Can an evaluation cover multiple simulations?
Yes. The simulation selector supports multiple selections. This is useful for rolling up results from several simulation runs into a single scored view.
How are scores normalized?
How are scores normalized?
Scores are on a 1-5 scale where 5 is the best possible performance. The exact scoring criteria depend on the metric definition and the LLM judge’s interpretation of the rubric.
What is Goal Completion scored on?
What is Goal Completion scored on?
Goal Completion is scored 0-1 rather than 1-5. A score of 1.0 means the simulated user’s stated goal was fully achieved by the end of the conversation.

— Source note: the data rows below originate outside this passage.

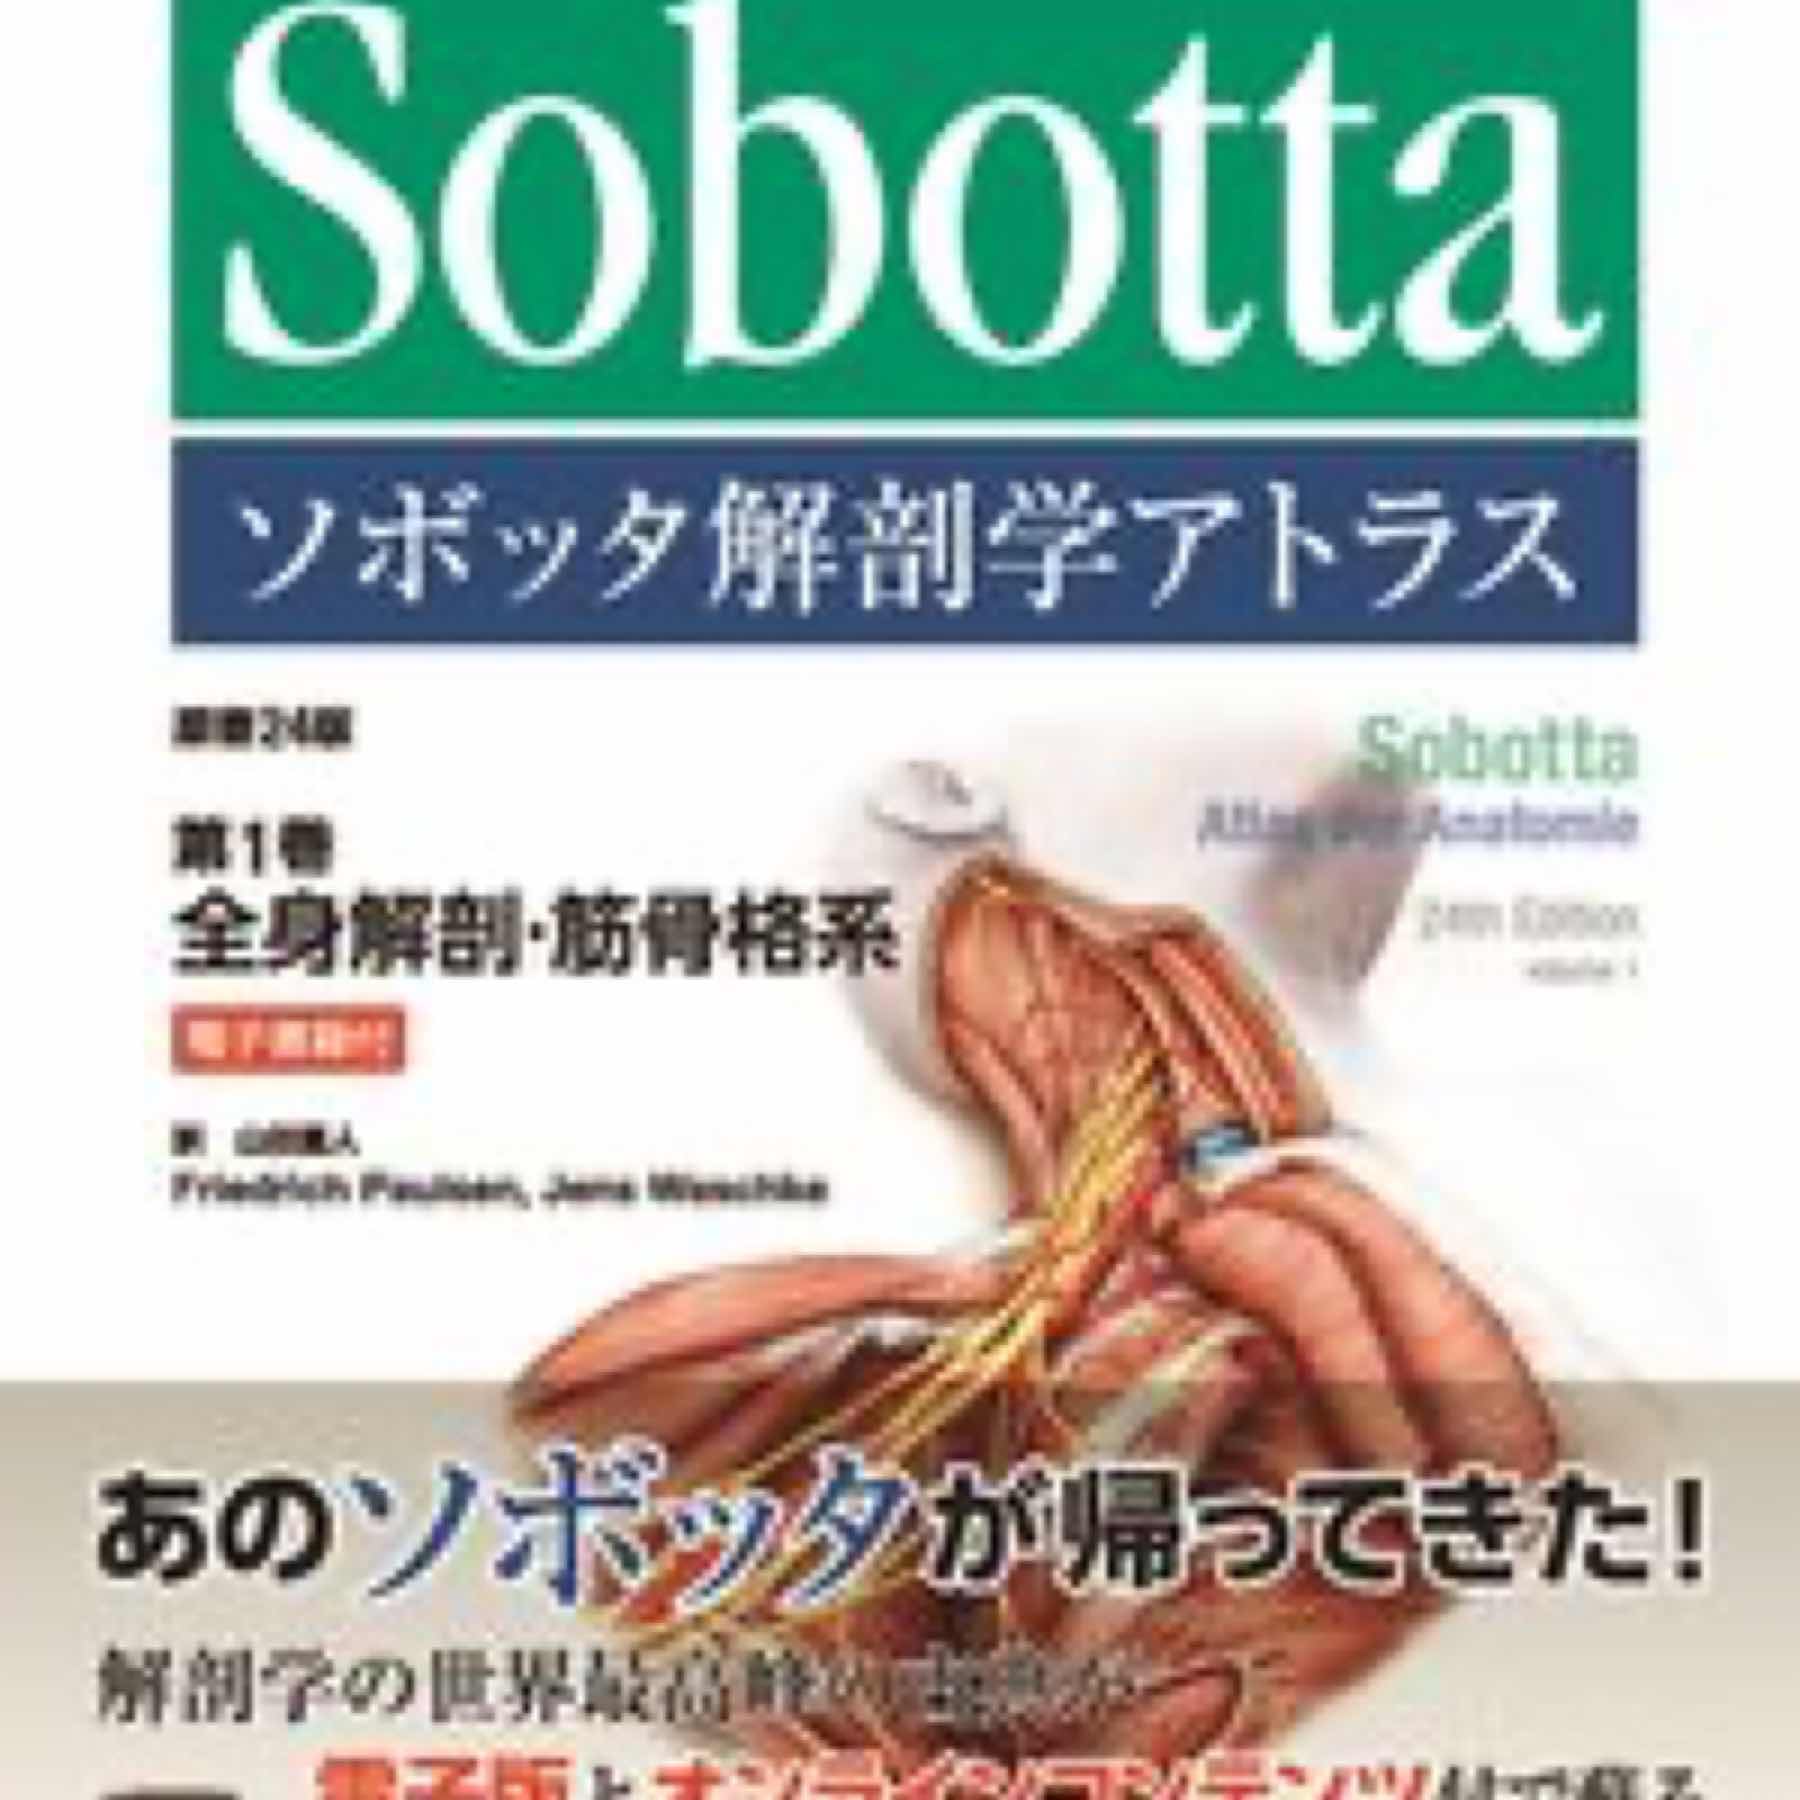 ソボッタ解剖学アトラス  原書24版 第1巻 全身解剖・筋骨格系
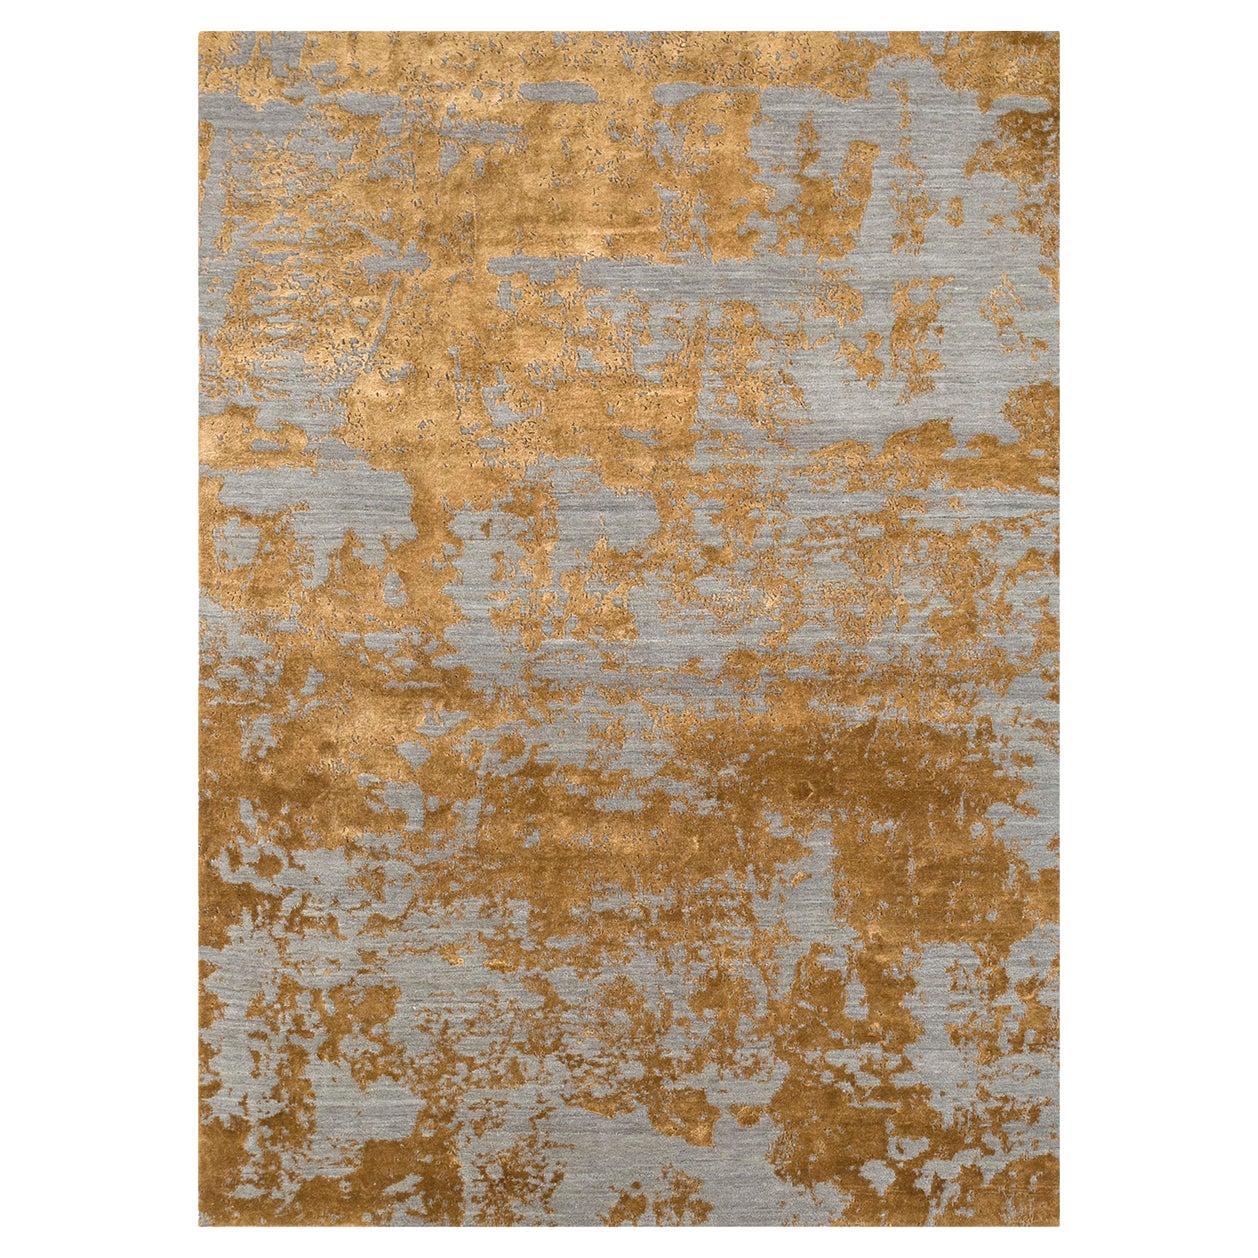 Flake-Teppich von Rural Weavers, geknüpft, Wolle, Bambusseide, 270x360cm
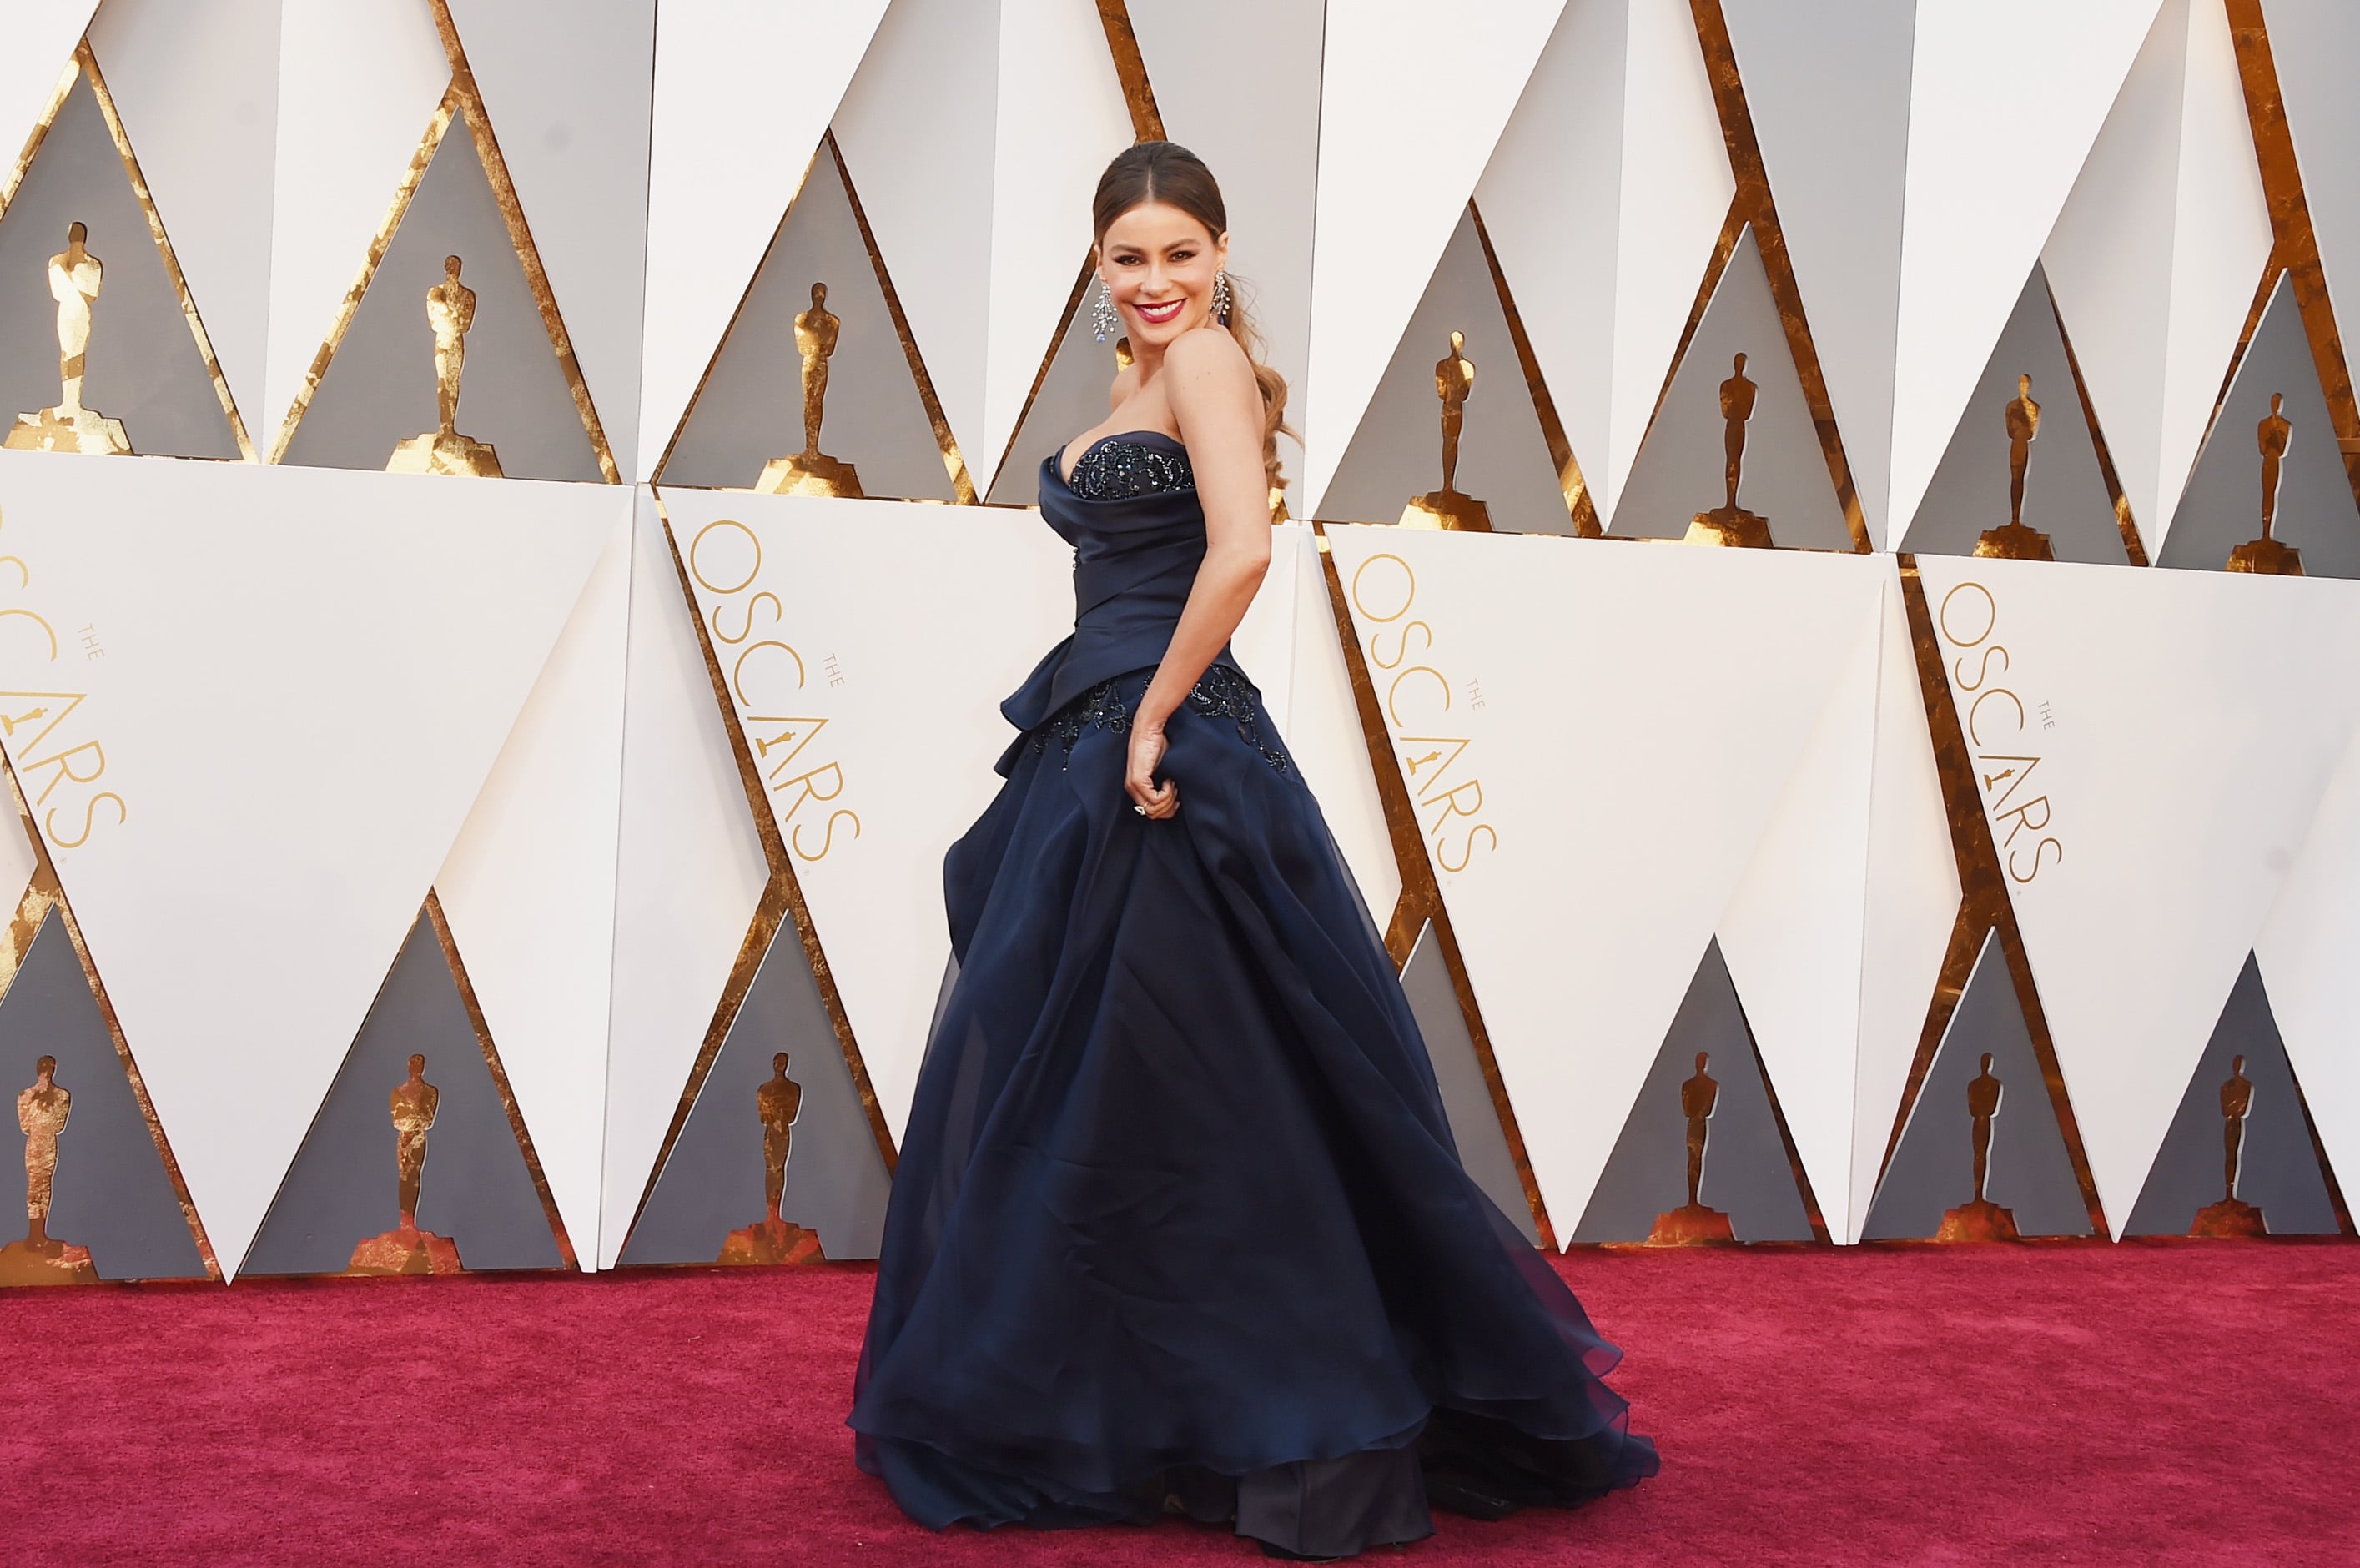 Sofia-Vergara-Oscars-2016-Red-Carpet-Louis-Vuitton-Vogue-28Feb16-Getty_b

How do I improve a metric that consistently scores low?
How do I improve a metric that consistently scores low?
Start with the Errors tab to find specific behavioral failures. Review the conversations linked to each error to understand the pattern. Then update your agent’s system prompt, knowledge base, or configuration to address the root cause. Re-run the simulation and evaluation to confirm the improvement.